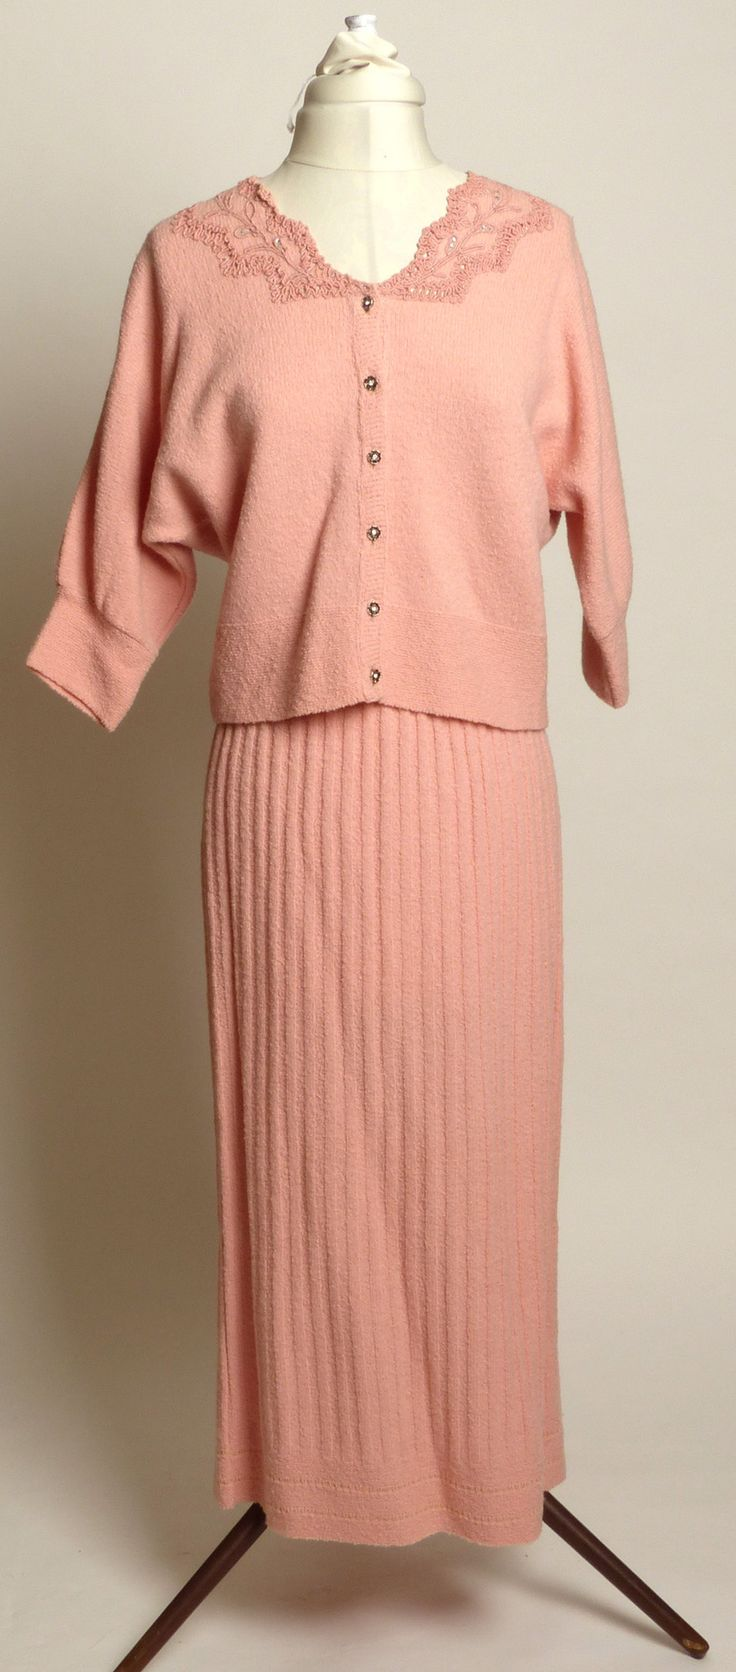 "Circa 1950s Jernat Pale Pink Wool Sweater/Skirt Set - ""Zip-off"" Hem!!"
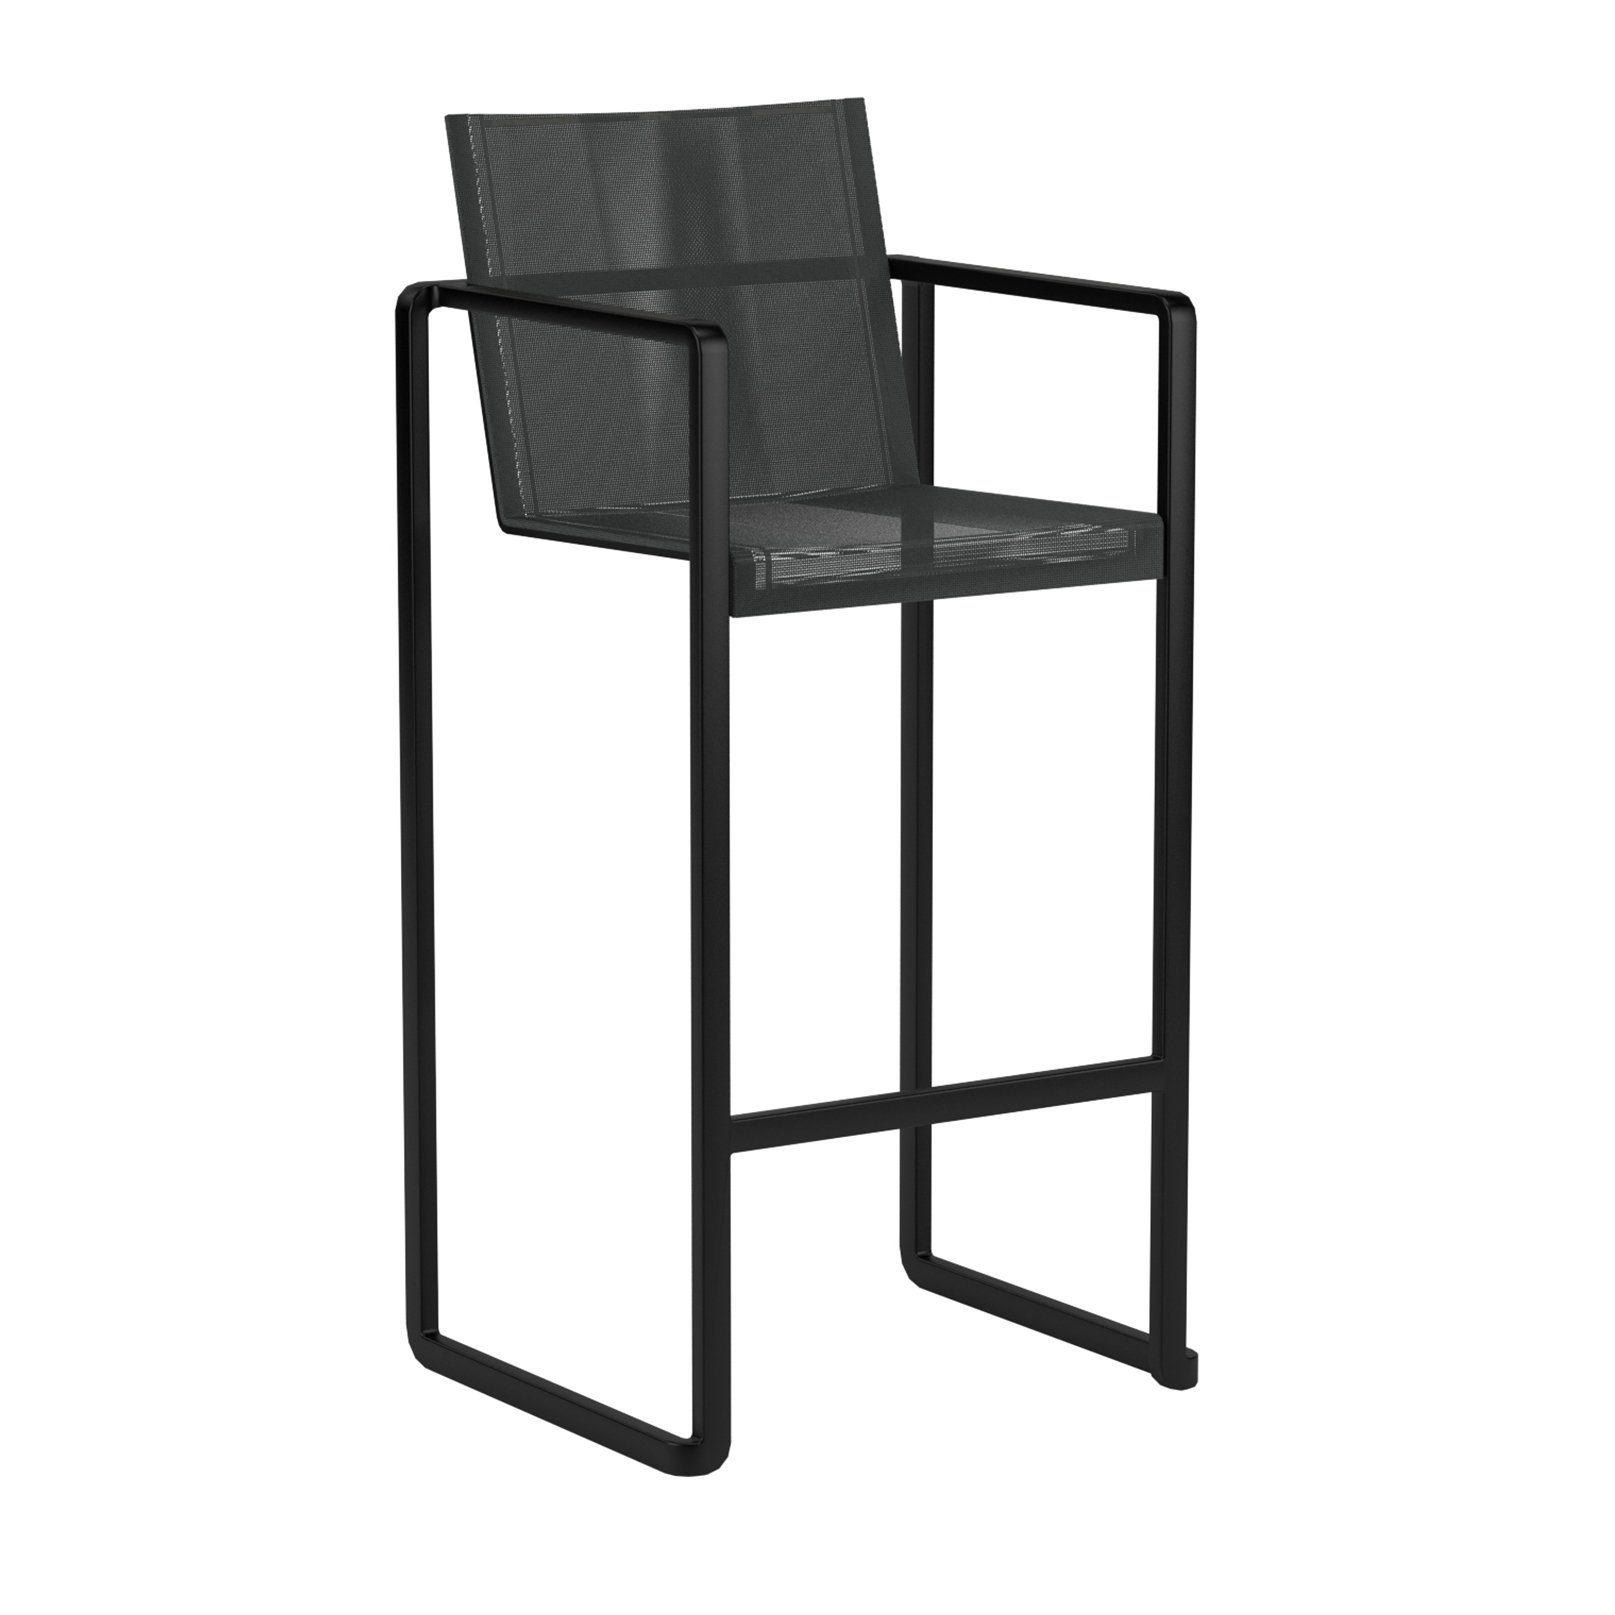 "Royal Botania Barhocker ""Alura"", Gestell Aluminium schwarz, Sitzflächen-Bespannung Textilgewebe schwarz"
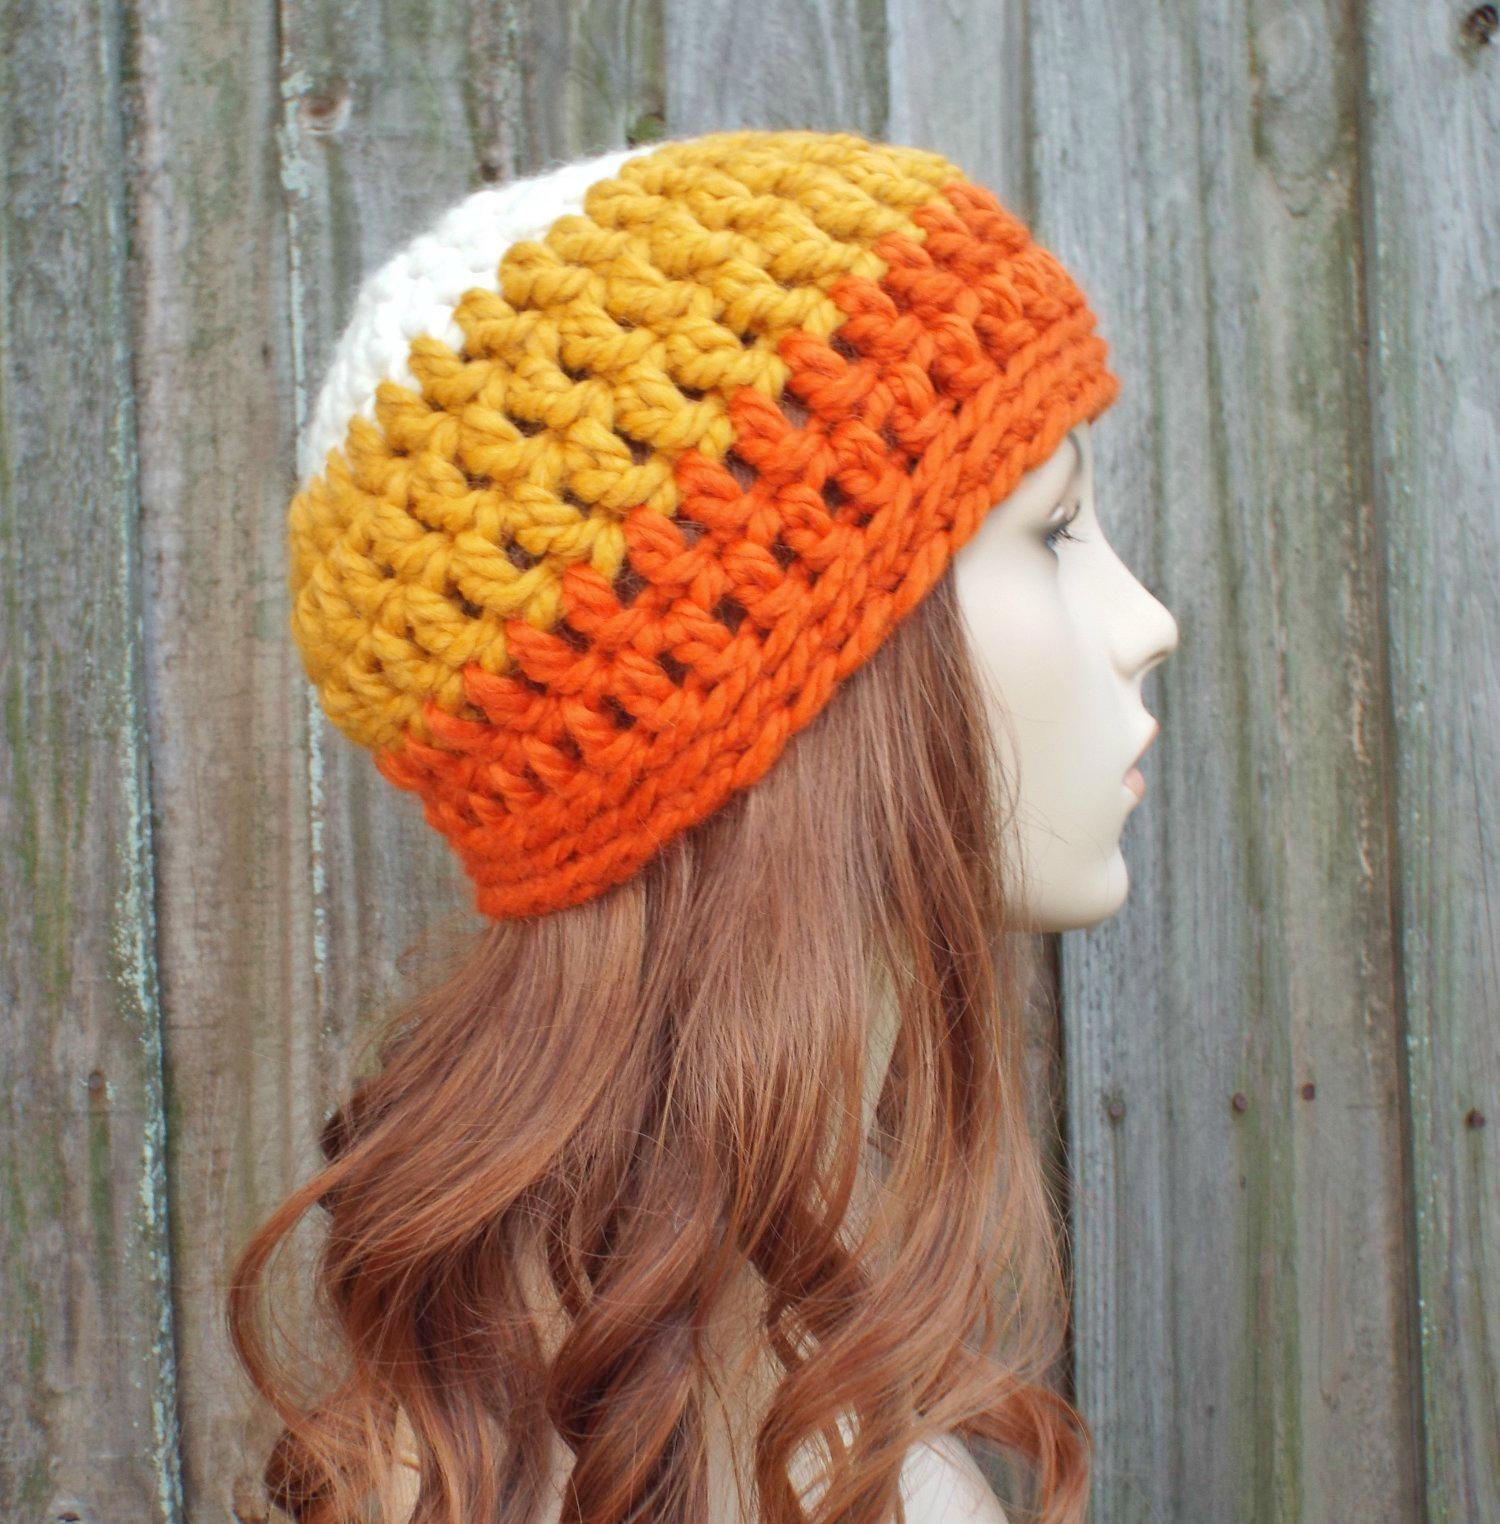 572c6081b2073 Candy Corn Beanie - Pumpkin Orange Mustard Yellow and Cream Beanie - Crochet  Womens Hat Mens Hat - Warm Winter Hat - READY TO SHIP
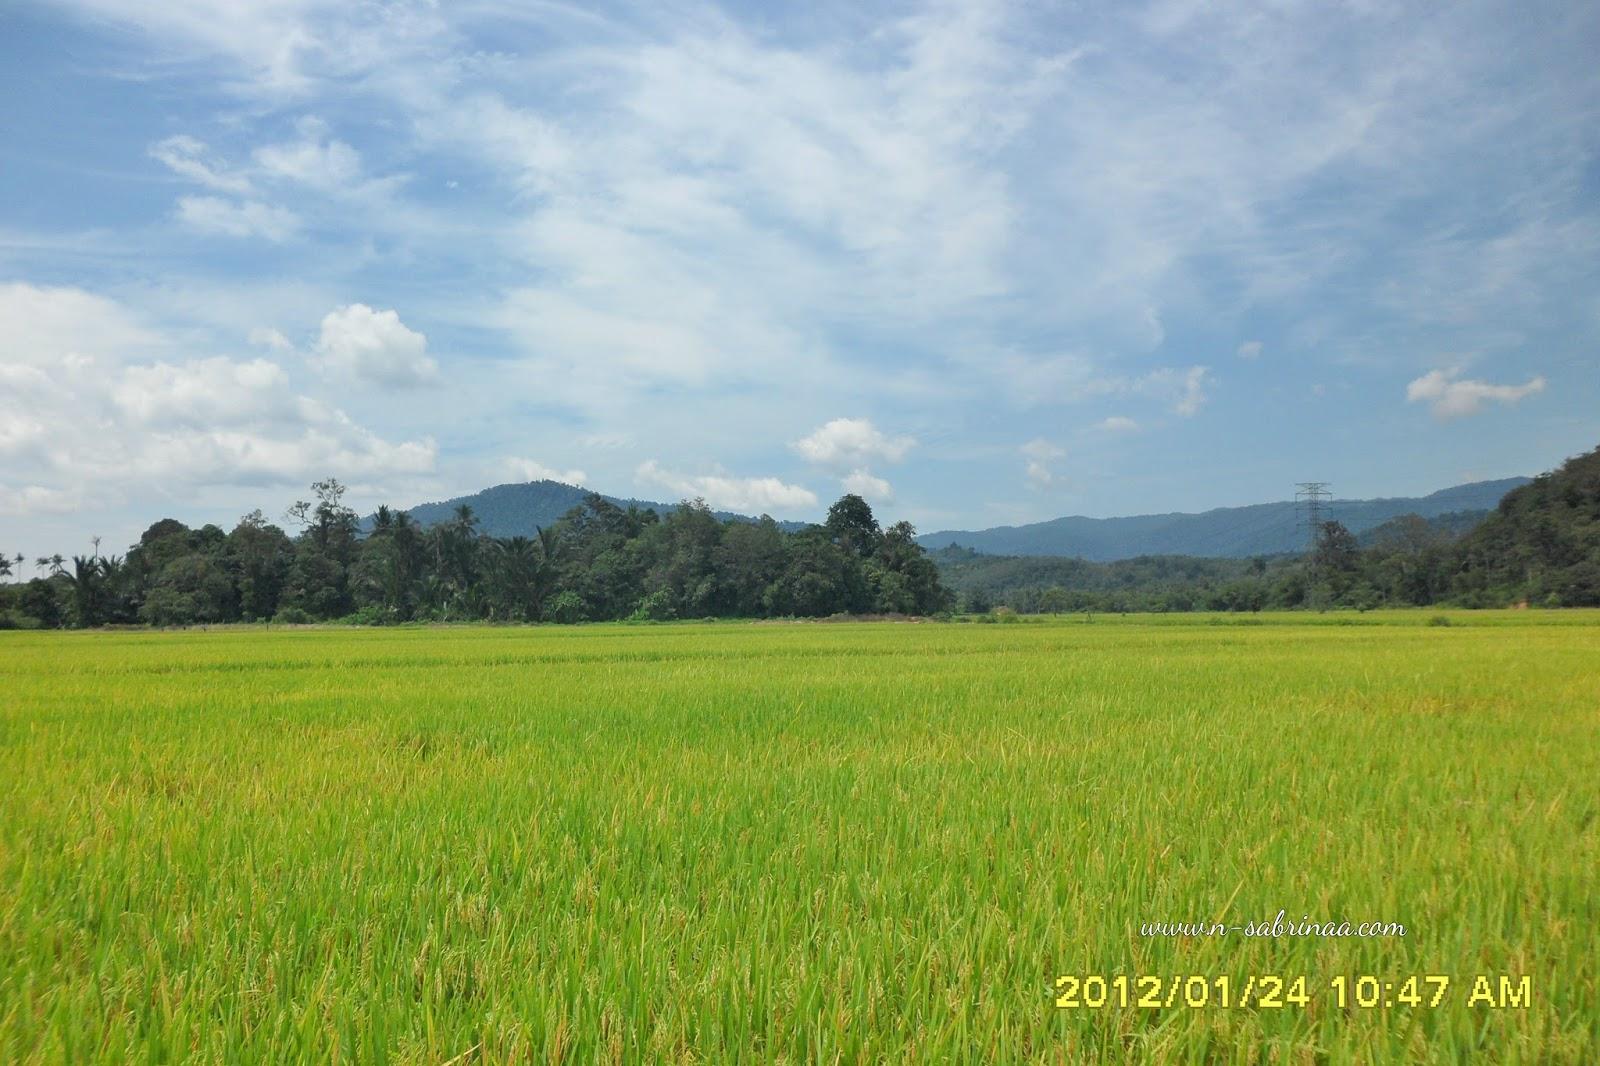 Pemandangan Sawah Padi Di Kuala Pilah Catatan Travel Sabrina

☆ ☆ ☆ ☆

> About this task
Within the listing above, find the line containing "572c6081b2073 Candy Corn", then print it and every line after it exactly, leaving out pictures.

> Written answer
 572c6081b2073 Candy Corn Beanie - Pumpkin Orange Mustard Yellow and Cream Beanie - Crochet  Womens Hat Mens Hat - Warm Winter Hat - READY TO SHIP
 Pemandangan Sawah Padi Di Kuala Pilah Catatan Travel Sabrina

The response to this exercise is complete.